● Task details
Everything in the listing below needs restating exactly, apart from the pictures.
BEGIN Information provided
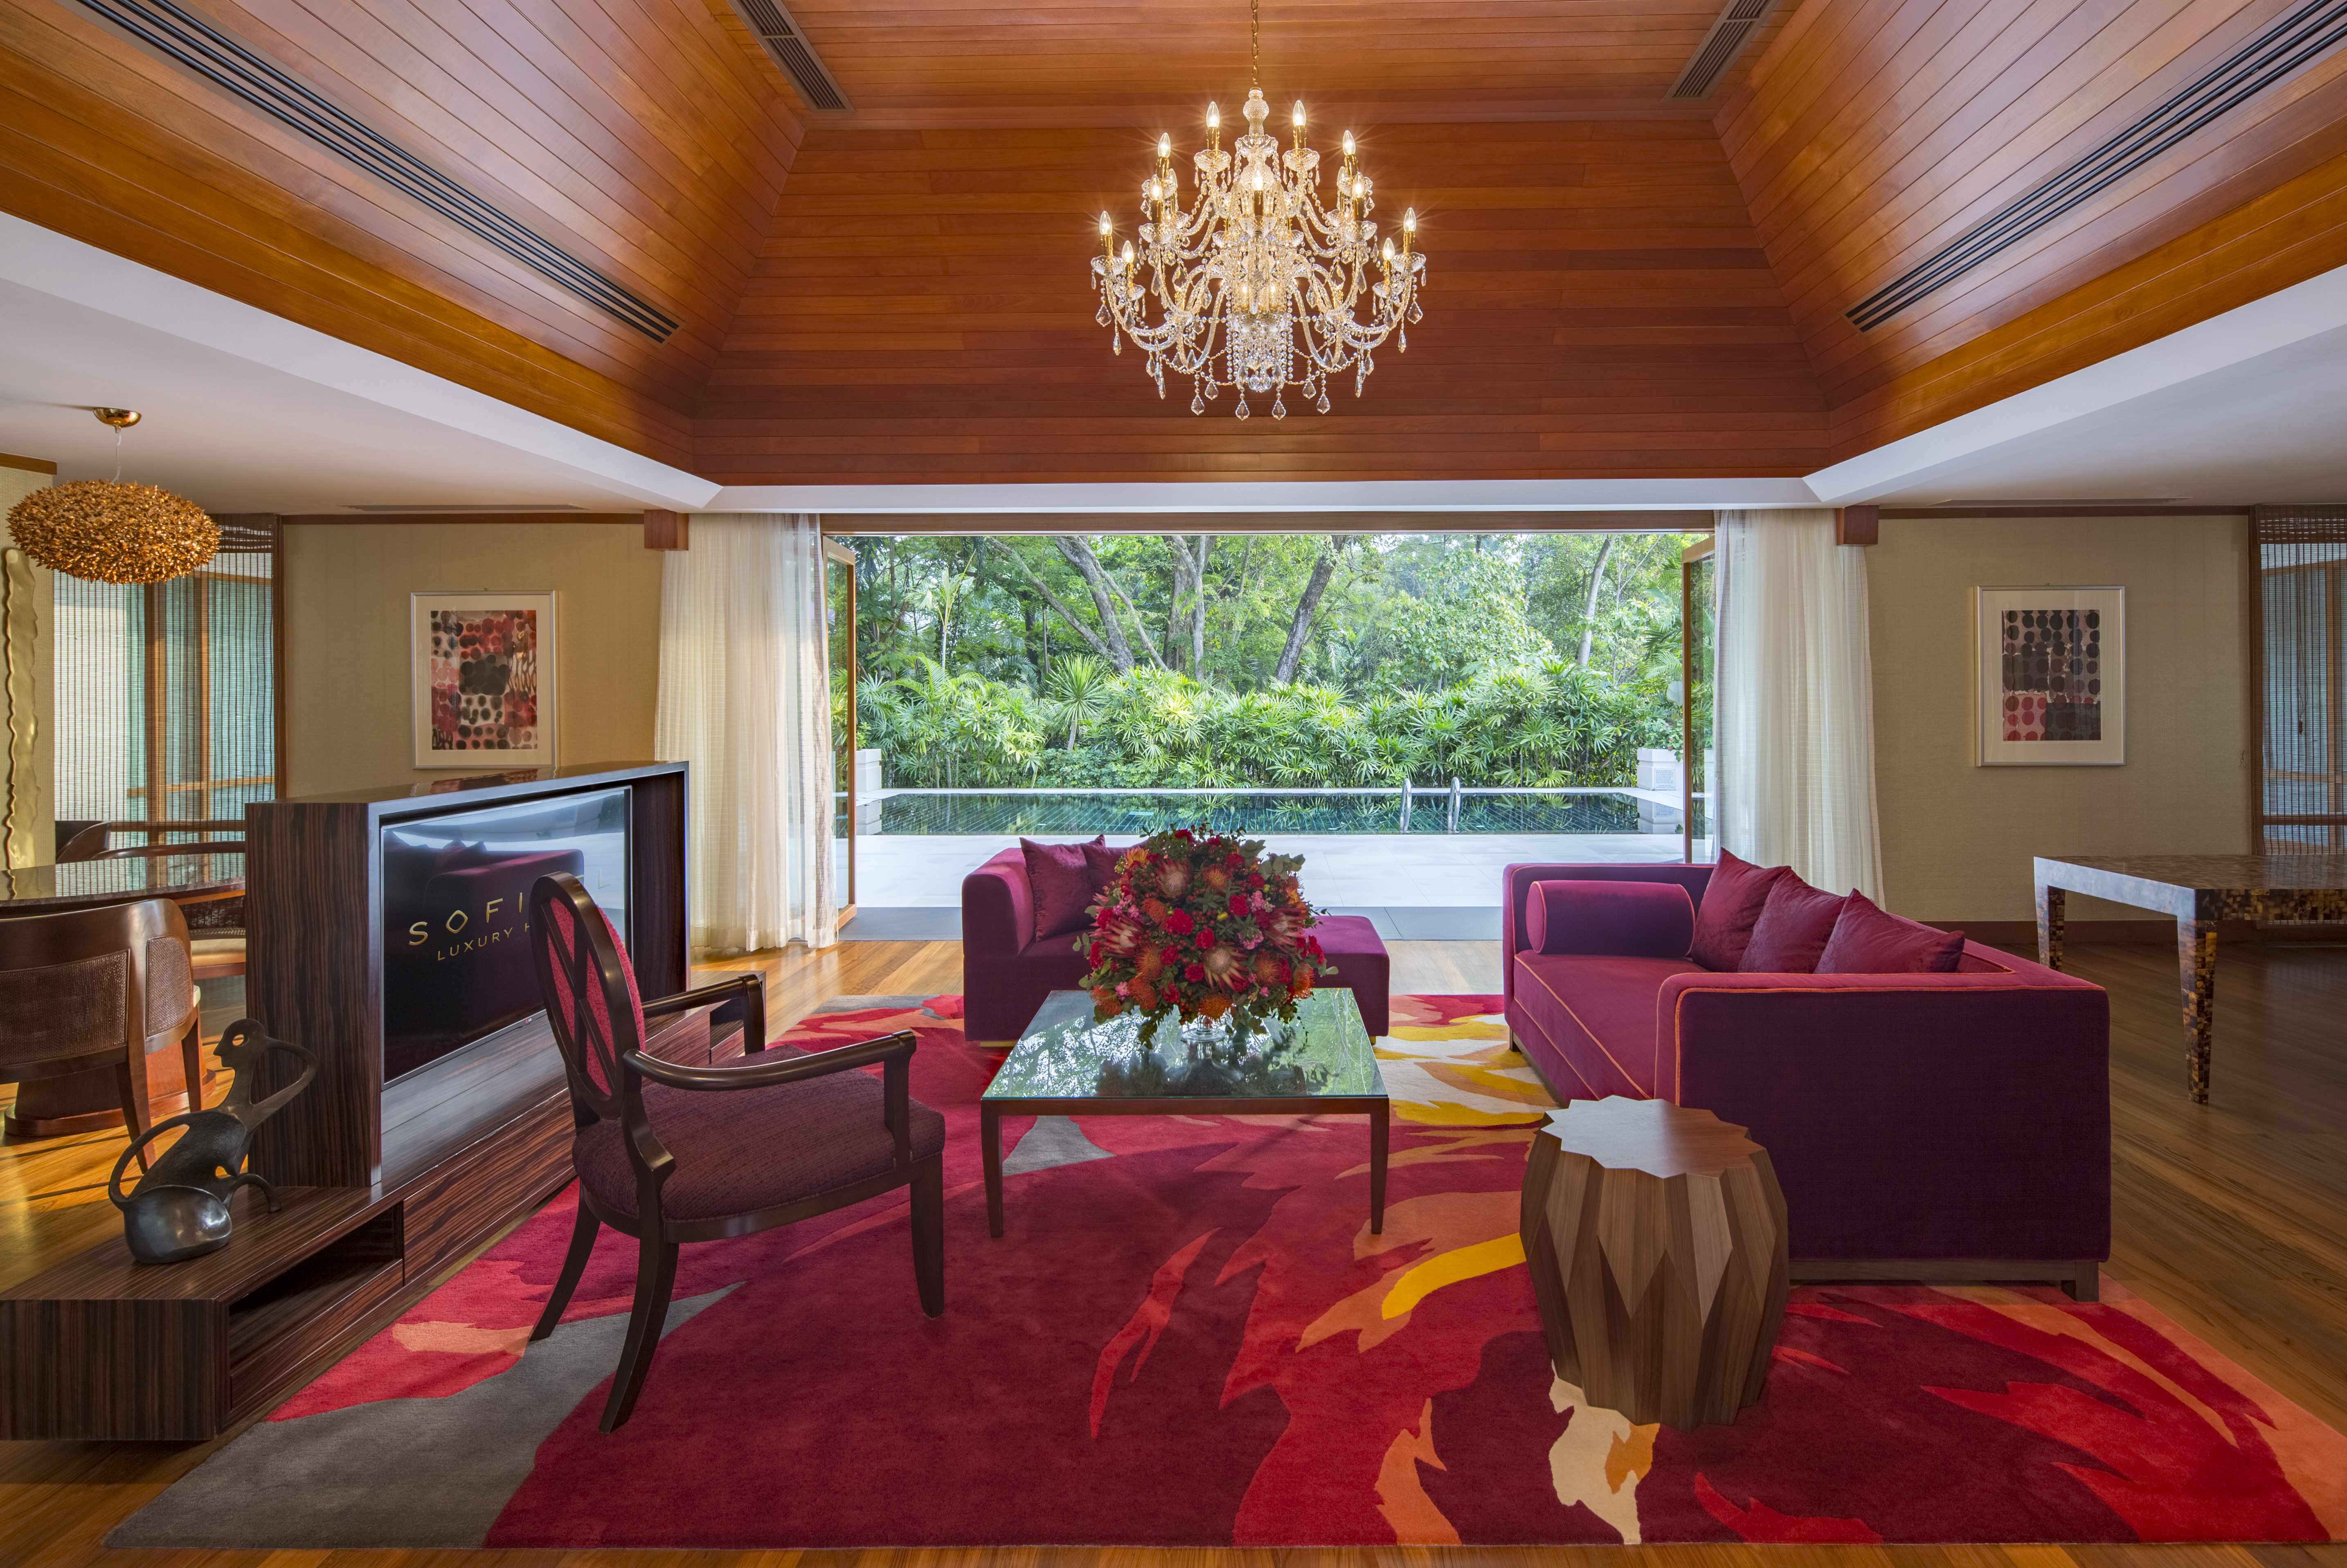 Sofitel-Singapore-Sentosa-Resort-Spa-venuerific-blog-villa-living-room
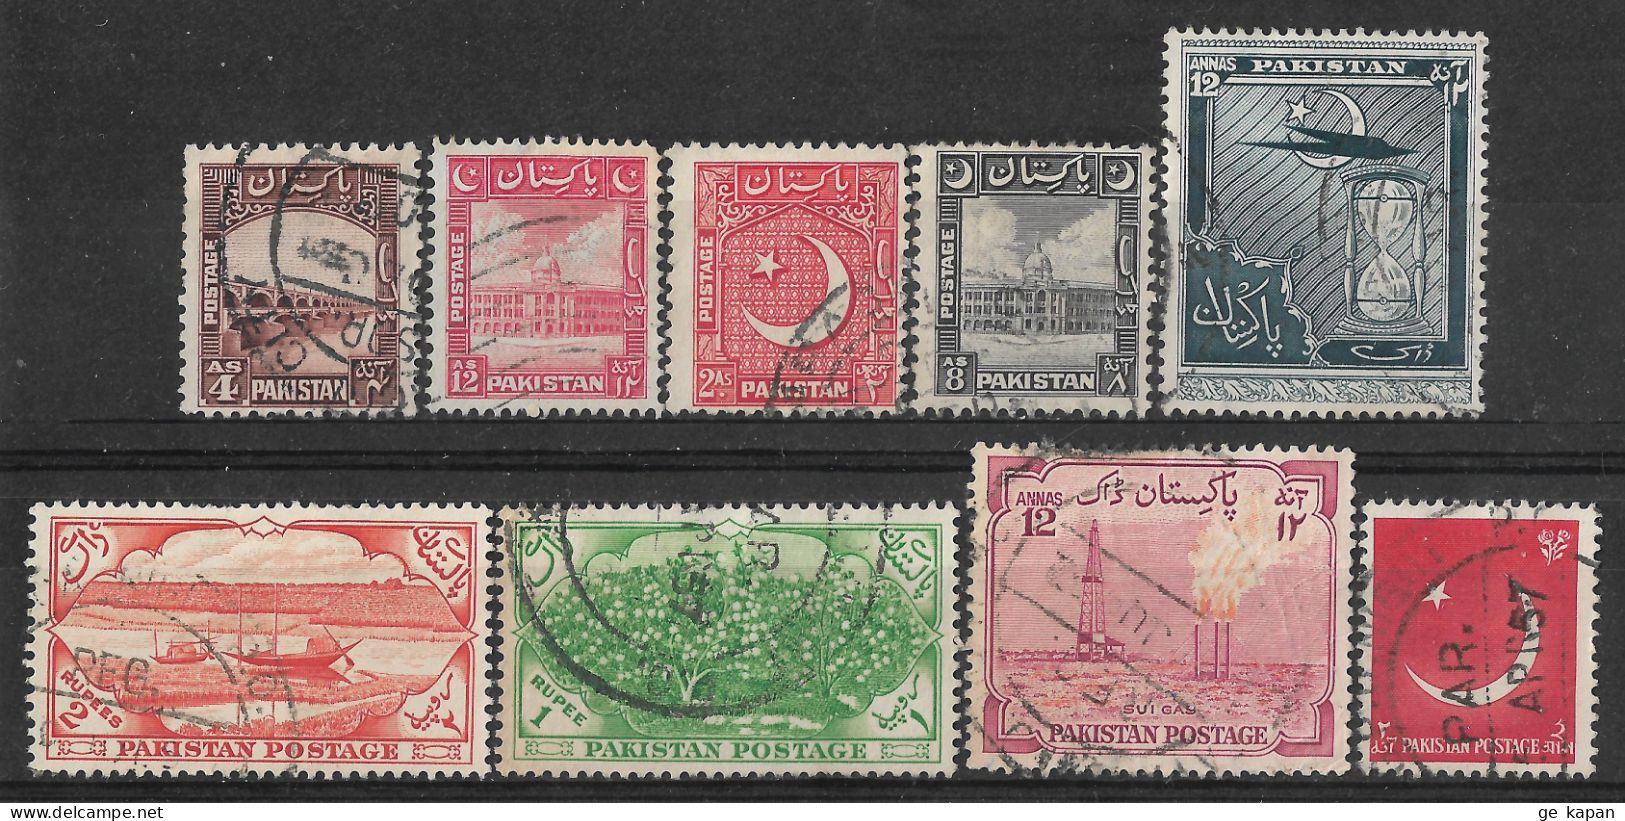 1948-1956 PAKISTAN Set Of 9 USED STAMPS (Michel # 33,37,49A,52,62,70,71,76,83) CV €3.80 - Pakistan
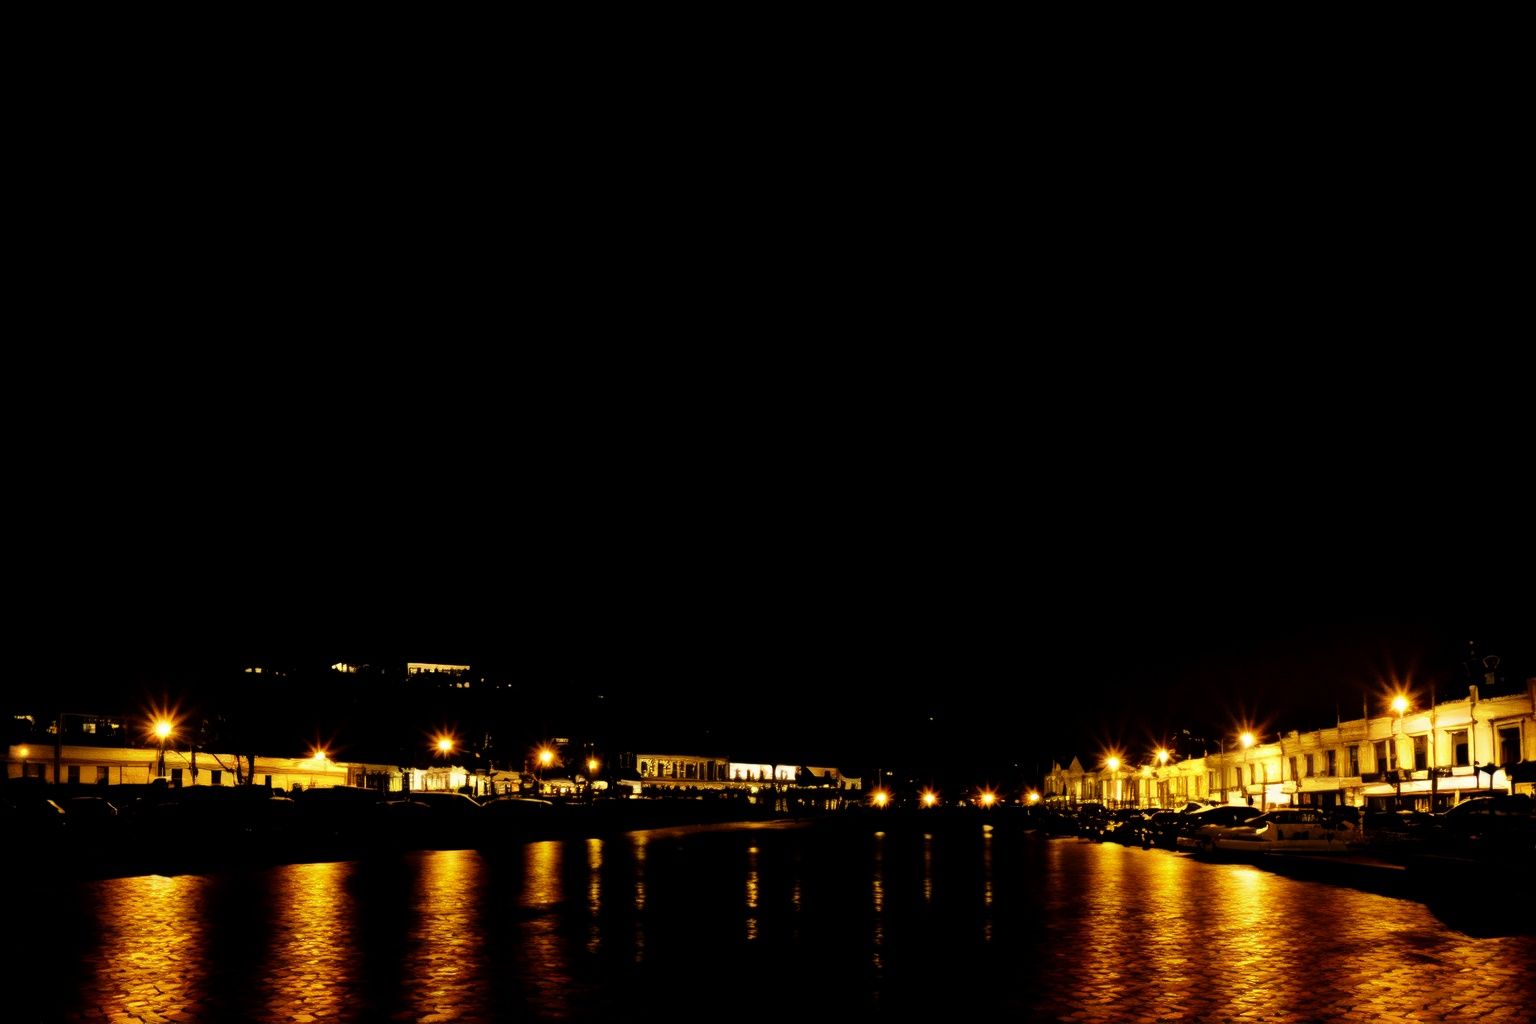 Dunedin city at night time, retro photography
END Information provided
● Response
 Sofitel-Singapore-Sentosa-Resort-Spa-venuerific-blog-villa-living-room
 1948-1956 PAKISTAN Set Of 9 USED STAMPS (Michel # 33,37,49A,52,62,70,71,76,83) CV €3.80 - Pakistan
 Dunedin city at night time, retro photography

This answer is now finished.